In 2010, I attended an event in Downtown Las Vegas. Someone kept pestering me to download an app called Burbn. Everyone was going on about how it allowed users to share photos, and I couldn't understand the appeal. It seemed to me like a waste of time and I preferred not to clutter my phone with another app.

Little did I know this app—which would soon rebrand as Instagram—would accelerate the downfall of food quality around the world.

San Sebastián

As a purveyor of high-end ingredients to the Las Vegas Strip, I traveled the world visiting my artisanal producers. One of my favorite destinations was San Sebastián, where I'd visit Ortiz, my tuna and anchovies supplier. They'd been canning seafood for generations, and the quality was impeccable. In 2010, there was so much good food it didn't matter which restaurant you visited. The same stalls selling fresh seafood were happy to cook it for you— quickly fried or served raw. I remember sucking on percebes as I walked the narrow streets, enjoying the beautiful town with my friend Philippe, one of the godfathers of the caviar industry.
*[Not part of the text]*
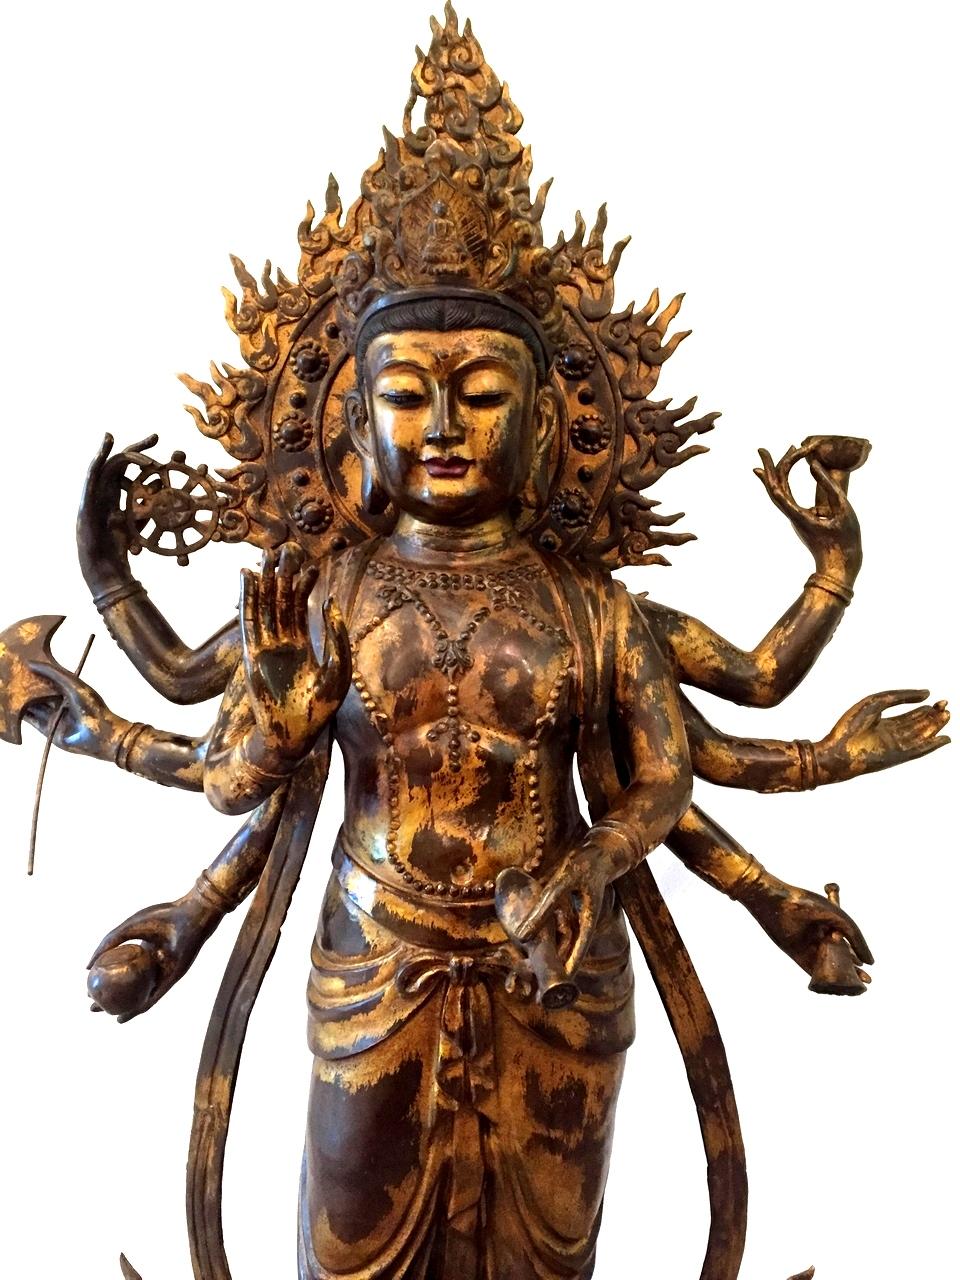 An exquisite bronze Multiple Armed Avalokitesvara Guan Yin statue. The 7-armed Goddess stands on double lotus throne, hands holding ritual objects including a lotus, mala pearl, ceremonial dagger, ambrosia vase, and Wheel of Law. Her broad Tang

Philippe would tell me stories about getting mixed up with Basque revolutionaries as a kid and the trouble that followed.

I visited Philippe again a decade later in 2022. The town had completely changed.

The amazing seafood stalls were gone, replaced by gastrobars serving the most beautiful pintxos imaginable. Walk by these bars and you see a smorgasbord of diverse offerings, all tantalizing. Sea urchin served in its shell. Head-on shrimp with perfect grill marks. Anchovies gleaming on bruschetta. This cornucopia of food beckoning you into the bar for a taste.

Philippe and I ordered heavily with empty stomachs. We plowed into our selections.

They were all tasteless.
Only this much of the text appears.